Twenty-four hours later, and a “big purple golf ball”-tonsilled but remarkably healthy-sounding Alex Kapranos is on the phone to Hot Press from backstage at Metrorock.
“That’s enough about my internal organs!” he laughs, after recounting his illness and apologising profusely for neglecting yesterday’s call, before launching into an in-depth explanation of the direction the new album’s taking.
“We're going back to a much more essential and dance-orientated sort of thing,” he says, backing up Paul’s claims. “I don’t mean electronic, but definitely going back to the beat and the bassline as being the core of what we’re doing. More dance-able, maybe.

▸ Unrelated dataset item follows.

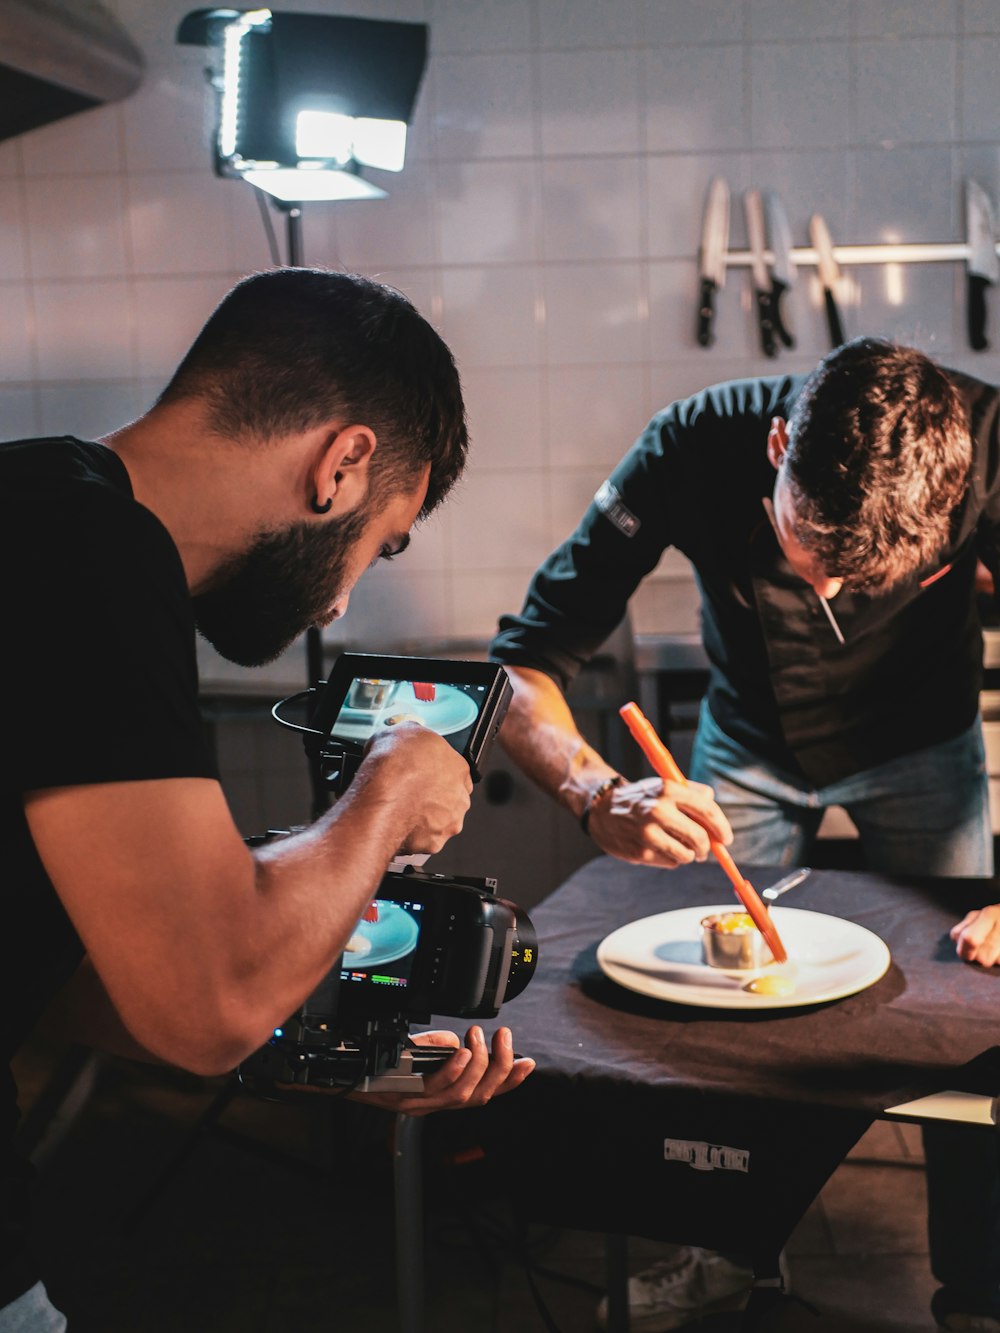 Zwei Männer in einer Küche bereiten Essen auf einem Teller zu

With the last record, because we’d been touring so much and we’d got to a certain stage as a live band, we were playing these big gigs as a rock band. We felt we wanted to do an album that was like how we played live, so it ended up being quite rock ‘n roll. I think the next one’s going to be more pop, but pop in the way we see it – a weird version of pop! We came up with an idea recently. We were asked to do some music for a film that was going to be set 30 years in the future. I loved the idea of playing music as it would be then, and it got me thinking about bands and how they sound years after they start out – it’s usually kind of similar to how they sounded when they started out anyway, although often not quite as good! So I thought, instead of making music as it would sound in 30 years, make it how it could sound in 30 years. You’re getting into this utopian ideal of what music should sound like in the future, so that’s what we’d like to do for the next record – taking sounds that already exist and making something that you would hope won’t be heard for the next three decades.”
Work on the new album is scheduled to commence next year in the band’s hometown of Glasgow. In the meantime, there’s the remainder of festival season to contend with.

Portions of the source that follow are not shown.